Let’s start with a fundamental truth: all schools are buzzing, busy hubs of activity and within this hive, SLT members are frequently juggling administrative, managerial and teaching responsibilities.
Instead of working in isolation, a counsellor has to make themselves heard. Fellow counsellor Buket Ayaz emphasises that counsellors should share their successes through the 2Cs and 2Ps method: Communication, Collaboration, Proactivity, and Providing data.
It is a counsellor’s role to establish a viable communication channel with SLT and involve them in the initiatives preparing students for university, such as college fairs, scholarship applications and campus events.
Our school uses Google workspace, where we maintain a college counselling calendar that aligns with the whole school calendar. There is also a dedicated shared drive where SLT have access to a range of data and resources making our counselling process as transparent as possible.
However, the most valuable initiatives have been the in-person ones. We established a weekly careers and counselling meeting with SLT. We use the Define, Measure, Analyse, Improve, and Control process during our weekly meetings. This has helped us convey to SLT the time, commitment and needs of the counselling team. It also allows us to share the progress of our students, the changing nature of university destinations, and alternative pathways chosen by students.
Once the relationship between our SLT and counsellors had strengthened, a spirit of collaboration emerged. We invited SLT to all career, university and alumni-related events in school, often to introduce the event or act as keynote speaker. We found this had two added benefits: it legitimised the counselling team to parents and students and gave SLT direct feedback from parents, students and alumni about the work we do.
What can SLT do for you?
SLT helped us transform career guidance and counselling at Avenor College. Our SLT helped us make significant changes to the curriculum in high school.
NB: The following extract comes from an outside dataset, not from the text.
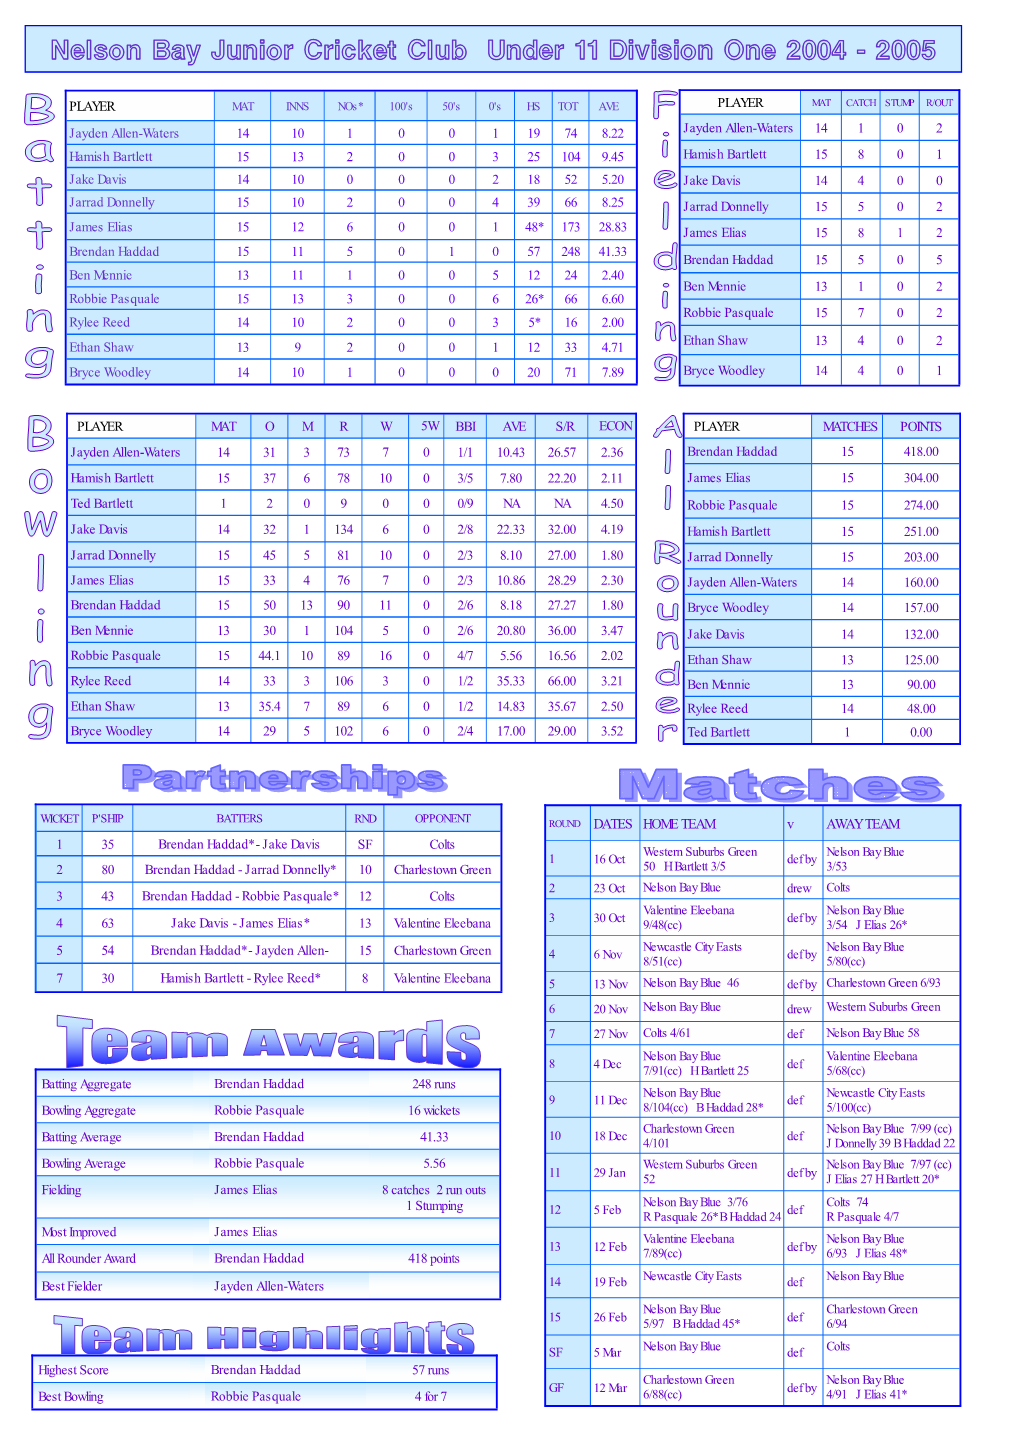 Nelson Bay Junior Cricket Club Under 11 Division One 2004 - 2005

Students in Grades 9-11 have two lessons a week with a focus on preparing for careers and university, followed by a two-week internship programme in their area of interest at the end of the year. In Grade 12, we were able to implement a counselling timetable for one-to-one meetings, helping us better support university applications with early deadlines.
We were also able to broaden the scope of career counselling through organising networking invites, liaising with alumni, working with heads of departments and having a student representative body that offers feedback. As an already crucial community link, SLT were able to absorb these new responsibilities organically in the work they do, helping us to focus on our own work.
SLT also offered us time to pursue CPD opportunities and welcomed the need for additional counsellors.
How can you prove your worth as a counsellor?
Data analyses and student success stories are invaluable quantitative and qualitative evidence of the value of counselling.
Counsellors, however, operate within school-wide systems and their own effectiveness can be helped or hindered by factors beyond their control. This is where inspections and accreditations can be profoundly helpful assessors, with the benefit of an external perspective on how the counsellor is able to operate within the school.
At Avenor College, we sought feedback on our counselling services from two external assessors: BSO and Career Mark. We emphasised the nature of our careers programme and university admissions guidance to BSO inspectors, seeking feedback that we could discuss with SLT and implement. Our students were found to be “exceptionally well prepared for the next stage of their education” because the provisions in the curriculum and support network surrounding the students were well entrenched.
The second assessor was specific to our careers and university team – we applied for the Career Mark Award to have recognition for our school’s service and to ensure that all stakeholders were aware that students would receive the best possible support in-house (rather than with external agencies).
More than from BSO, it is with the Career Mark Award that we received the vital feedback and next steps we were seeking and gave our team proof of worth in meetings with SLT. Part of educating SLT on career value is proving to them the value of the careers team.
Training like the THE Counsellor Accreditation Programme is ideal for continued professional development as well as showcasing to SLT that counsellors operate within an informed and ever-changing context and community. Particularly for new counsellors, the CAP is an invaluable resource, providing a bedrock of essential knowledge, approaches and ideas.